A Collector<Integer,out Object,List<Integer>>
isn't a Collector<in Integer,Object,List<Integer>>
because of the second type argument.
For any type X<T>
, X<out Y>
is a strict supertype of X<Y>
.
Perhaps this is a case that Java's wildcard capture can handle (Java can sometimes transform a method signature involving unbound type parameters into one involving wildcards). Ceylon doesn't support wildcard capture.
Perhaps
Well, I suppose so, otherwise those methods would not be any use.
The question is how can we support this?
Well, you could futz with the signature of collect()
.
You could notice that A
is a completely unconstrained type parameter (WTF is it even there for?!) and replace it with in Nothing
or out Object
.
What an idiotic signature that method has.
It quite clearly should be:
interface Stream<T>{
<R> R collect(Collector<? super T,?,R> collector);
}
OK thanks.
What sort of rules express that it's not constrained? Can't the typechecker notice that and infer something more useful for A
?
OIC, from the point of view of the implementors of this method, apparently they sometimes need to pass A
s in and out of the Collector
. Except that most Collector
s apparently don't even have an "intermediate accumulation type", and just completely hide A
behind a wildcard.
Yew.
What sort of rules express that it's not constrained?
Good question. I suppose something like:
it occurs only once in the parameter list, and does not occur in the return type
Except that there is another similar situation where you could say the same thing. Ignoring type constraints:
it occurs only contravariantly or only covariantly in the parameter list and does not occur in the return type.
But of course in Java signatures we're not going to encounter covariant or contravariant occurrences of a type parameter, so perhaps this case isn't interesting.
But yeah, I suppose, in principle, that the typechecker could quite reasonably infer in Nothing
as the type argument for any type parameter that occurs just once in the parameter list and never in the return type.
I have taken a look at this.
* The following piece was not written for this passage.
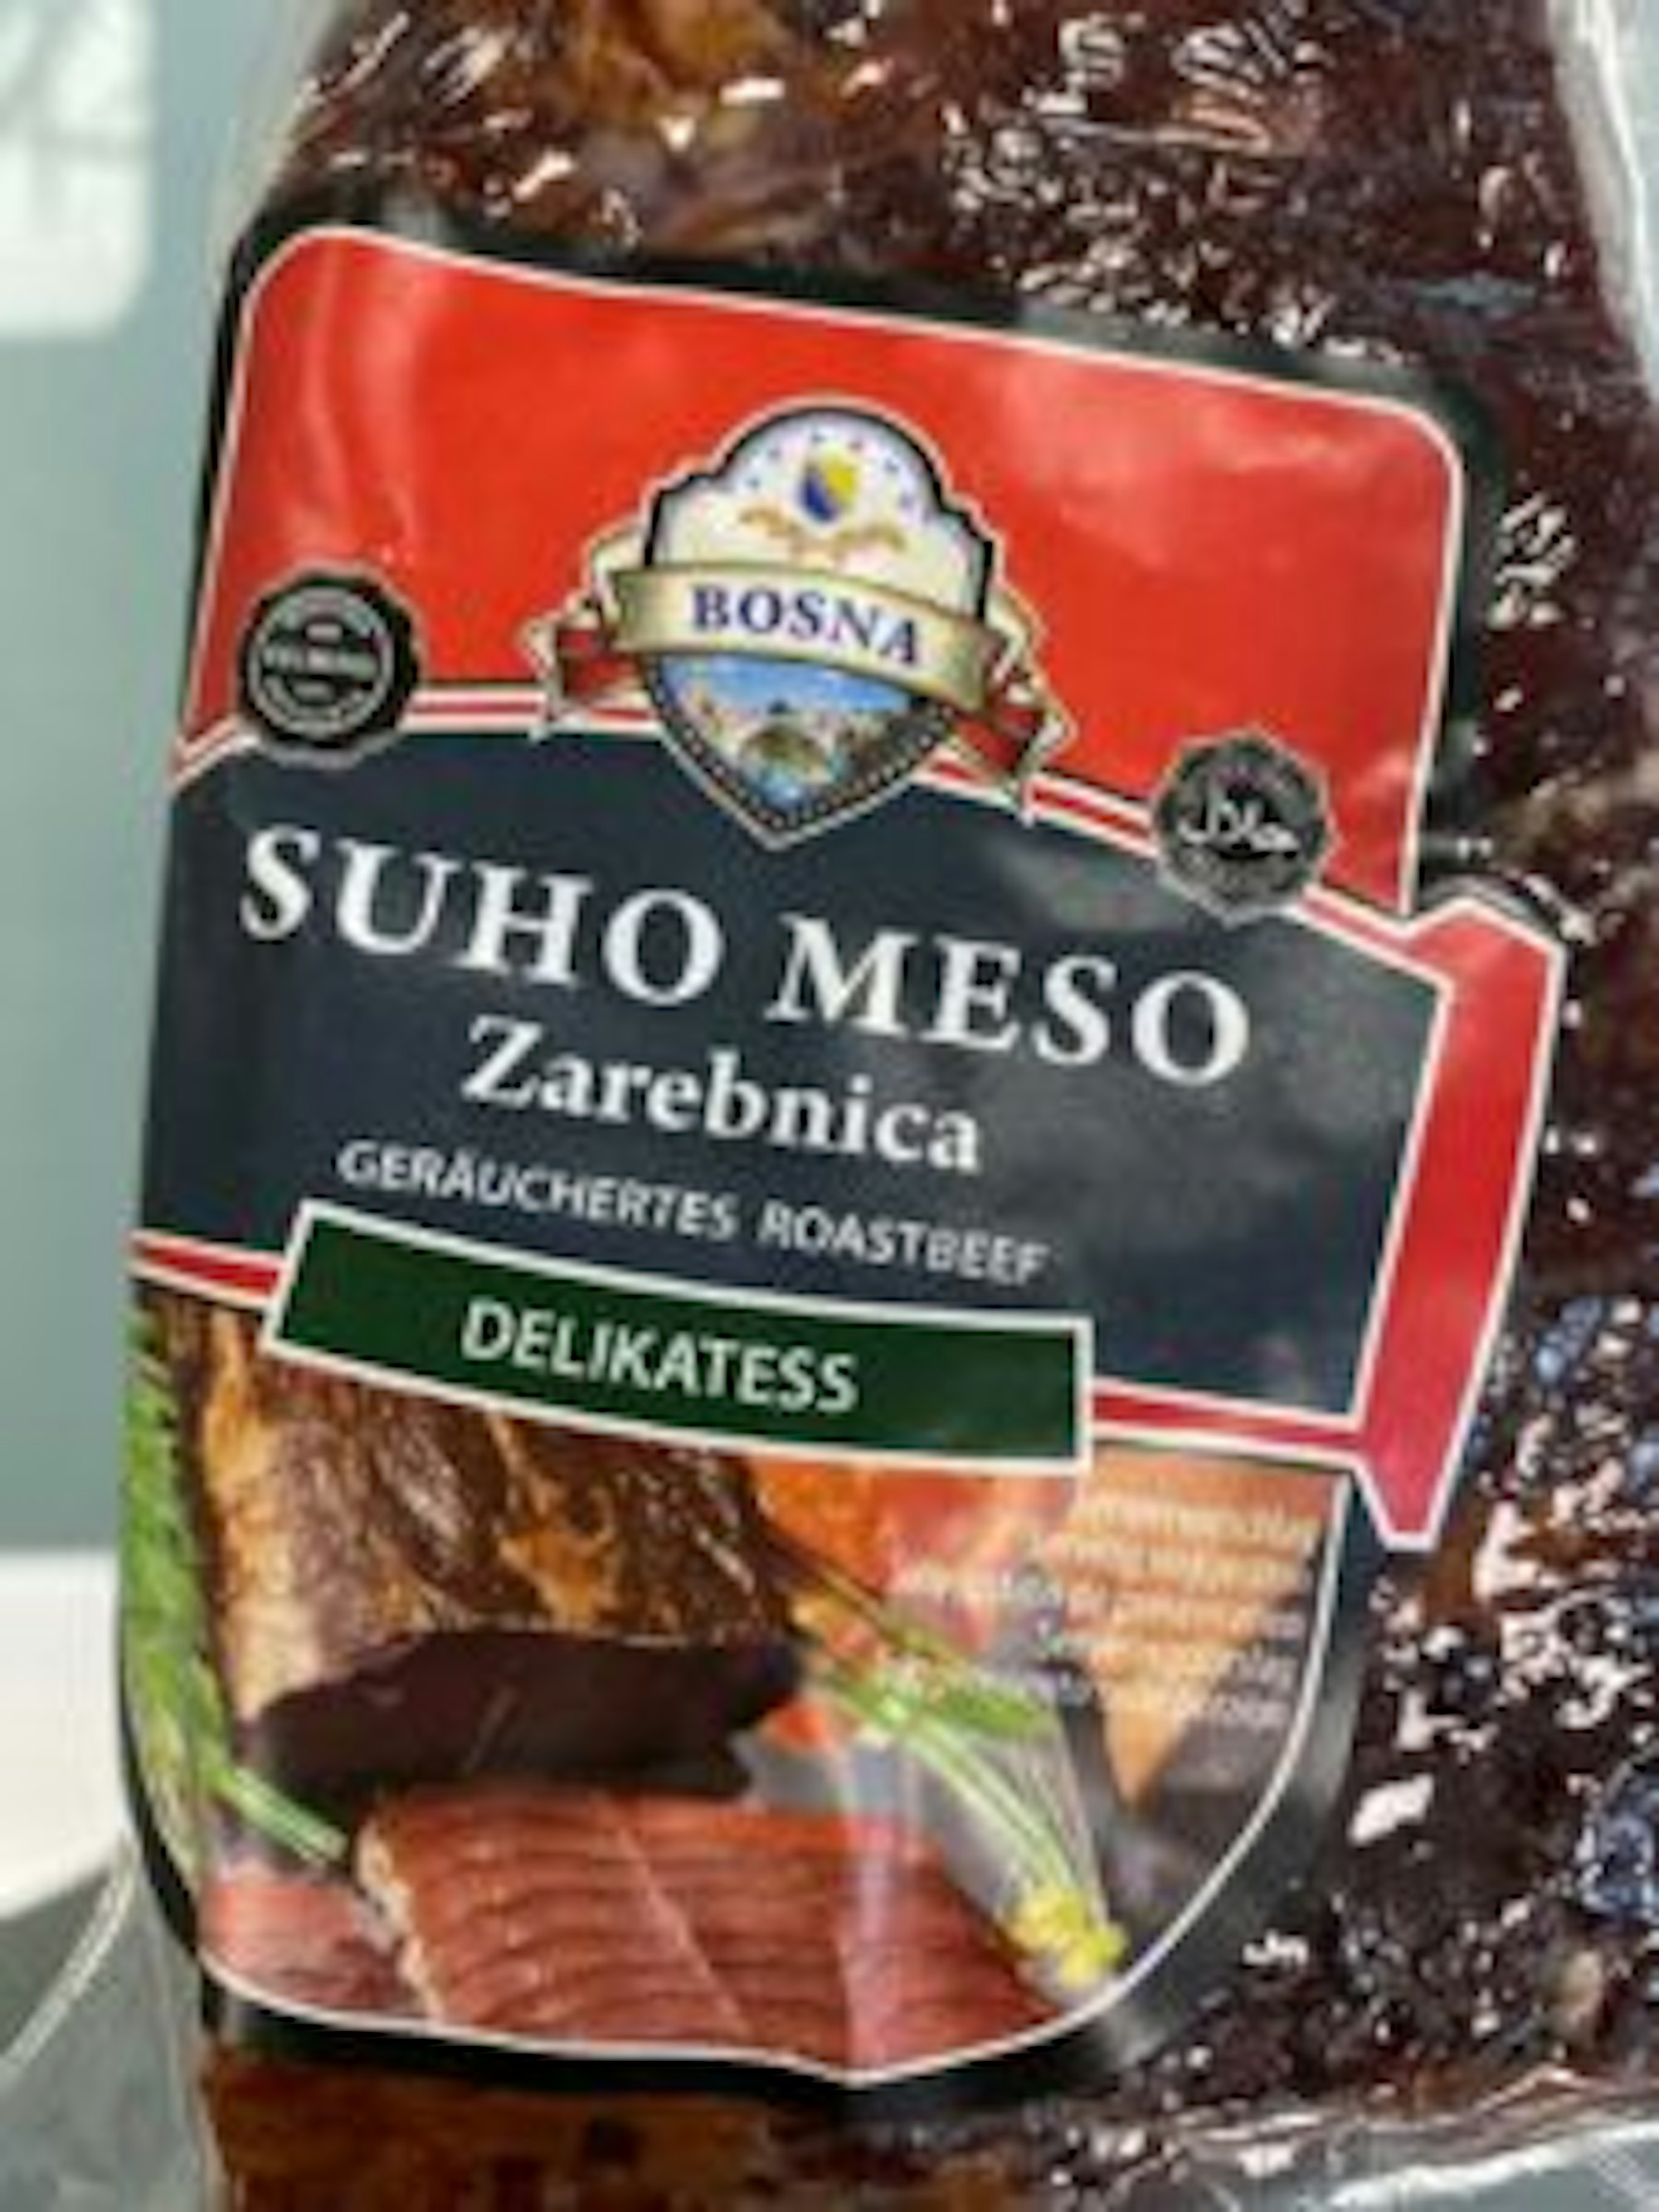 Der Hersteller Kelmendi ruft „Suho Meso Zarebnica“ geräuchertes Roastbeef zurück.

While it doesn't look hard to detect the very simplest case and infer a use-site-variant type (I managed to implement that much already), it's not at all a small change to the language since we currently don't support use-site variance in value expressions at all. We only support it in type expressions. Furthermore, it's not entirely clear what the runtime semantics are: what reified type does A
refer to at runtime?
I would therefore much prefer to hack this in the model loader than to implement something totally dodgy in the typechecker.
what reified type does A refer to at runtime?
I thought this would just be allowed when calling isJava()
methods. For Ceylon, it seems the type argument would have to be determined at runtime (e.g. theCollector.A
or even theMutableList.Element
).
I would therefore much prefer to hack this in the model loader than to implement something totally dodgy in the typechecker.
OK, sounds reasonable I guess, but which of the two signatures should the model loader change? Caller or callee?
I've spun this into #6370 please continue discussion around this there.
@gavinking can you refresh my memory wrt the drawbacks of coercion for java types and inference? I'm not at all questioning that the drawbacks are real and would cause the end of the world as we know it, but I just forgot them and would appreciate to remember them.
Merged master on the branch, and added support for String/CharSequence, SAM->Callable, fixed issues with method references and primitive types, added checks for type compat between SAM/Callable.
Note that this work in conversions is useful no matter which of the three solutions we end up with.
With the tests passing now, that's better. Also start not coercing unless the typechecker told us to.
Can't wait to see this in master!
Well, if you have an opinion, make it known in #6189. So far we're still assessing the pros/cons of three strategies.
This works on the 1617
branch but fails on the 1617-overload
branch
import spark { Spark { ... }, ... }
shared void run() {
get("/", (Request req, Response res) => "Hello, world");
}
error: compiler bug: null at com.redhat.ceylon.compiler.java.codegen.PositionalInvocation.unfake(Invocation.java:884)
error: compiler bug: visitor didn't yield any result at com.redhat.ceylon.compiler.java.codegen.ExpressionTransformer.transformExpression(ExpressionTransformer.java:369)
error: compiler bug: visitor didn't yield any result at unknown
Thanks, I'll test this.
OK @fwgreen should work now.
@FroMage It works again! Many thanks.
OK so all the tests pass. I still haven't implemented anything to do with variadics (especially methods that take SAM...
or SAM methods which are variadic, but that can come later. At this point I'm ready for review from you @gavinking especially regarding the new members of Declaration
and their names. Then we can merge to master.
CompletableFuture.supplyAsync(() => repo.listAll())...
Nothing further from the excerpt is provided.